I know this is not the place for bug reports, but this one has me a little conflicted, so i wanted to gather community feedback about a possible solution.


As some of you may know, a janitor can add ammonia to their mop water, to create water that cleans floors without leaving wet patches. The odd thing is that this works with any quantity of ammonia, even adding 1u of it to 99u of water, works.


Poking through the code, i've realised why, This actually happens with ANY chemical at all. Adding even the tiniest amount of anything that isn't water to a bucket of water, will create a nonslip mop solution


The reason this happens, is that the code process for cleaning goes as such:

When you use mop on a tile, it calls that tile's Clean function, with the mop as the source.

The clean function checks whether the mop contains at least 1u of water OR space cleaner.
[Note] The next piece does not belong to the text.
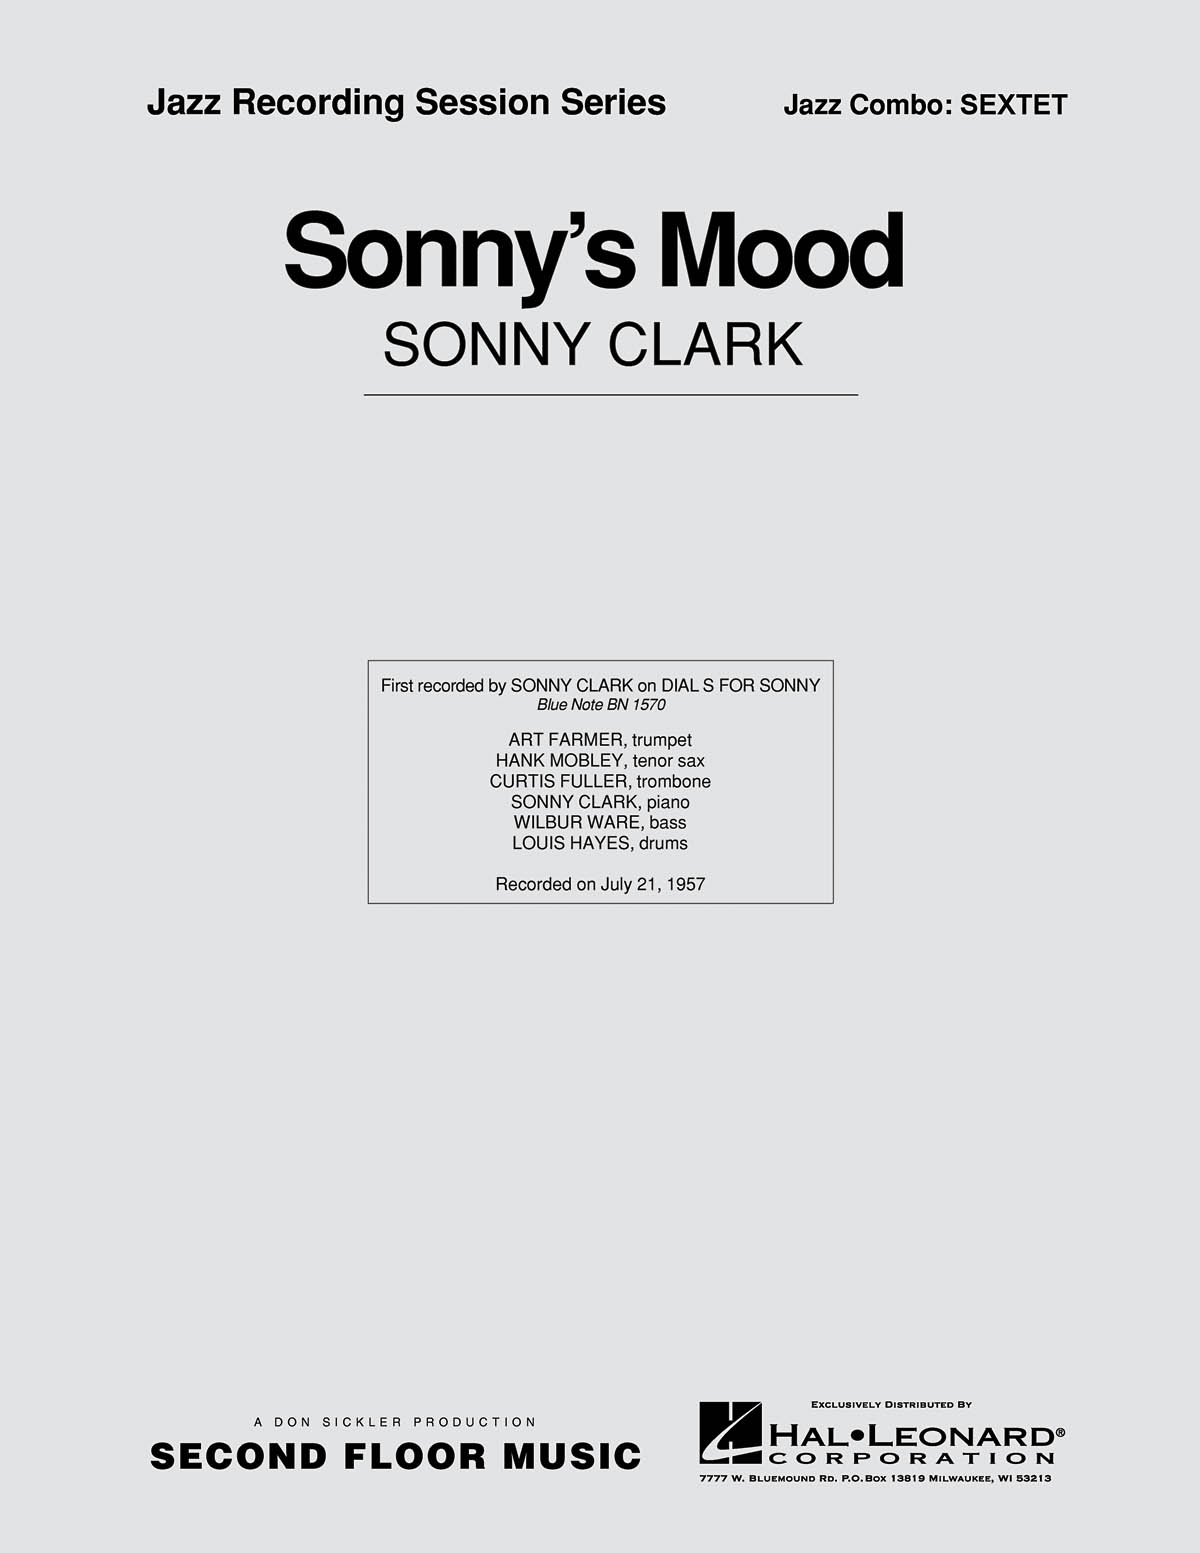 Sonny’s Mood

If it does, then it cleans the tile, and transfers 1u of reagents from the mop to the tile. (a mop contains up to 30u of the mixed mop solution)

Water, has a touch-turf effect that causes it to make a tile wet if the amount of water on the tile is at least 1u


What this means is, if you have a bucket containing 99u water and 1u of....salt from the bar for instance (anything works, arbitrary selection) then your mixture is 99% water, and thus transferring 1u of solution from the mop, results in putting 0.99u of water on the tile, which isn't enough to make it slippery.


So there's a bug here. I'll file a report soon, but first i think there needs to be some discussion on how to fix it, and the implications of doing so:


As a regular janitor player, i rather liked going to chemistry to get something to upgrade my skills. It gives me an excuse to visit medical and meet/interact with people. That's a good thing to have, and encouraging cooperation between departments is great. However the fact that anything works means that going to chemistry is actually not needed, i could just use any kind of reagent or condiment from anywhere.


However i did feel that completely removing slipping is a bit much, and makes things too easy. It kind of removes a game mechanic. It might be preferable for augmented mop water to just make tiles slippery for a shorter time, and/or make them LESS slippy (some chance to slip rathern than it being constant.


And there's also the fact that needing only 1u per bucket is too little, and means a janitor will never have to visit chemistry more than once. But as a counterpoint, i feel that the current spacecleaner recipe (1:1 water and ammonia) which would cause a janitor to need 50u of ammonia per bucket, is a bit much


So with all of these factors in mind, i'd like to propose a way to fix this bug without losing the cooperation/RP potential that it creates:

1. Make any amount of water wet the tile (while you're at it, fix the bug where large water spills never dry up)

2. Change the space cleaner recipe to require 7 parts water, and 3 part ammonia (so, 30u ammonia per bucket)

3. When a mop is used to apply it, make space cleaner also wet the tile (wouldn't affect spray bottles) but for a shorter duration. say 20 seconds instead of 80


With these changes, a janitor would actually need ammonia, and one bottle would allow them to do two full buckets of solution


Thoughts?

Posted

1. Okay, makes sense

2. In spirit a good idea. If anyone's experienced with mops irl, would a half bottle of ammonia be enough to treat a mop bucket? I'm inclined to say yes.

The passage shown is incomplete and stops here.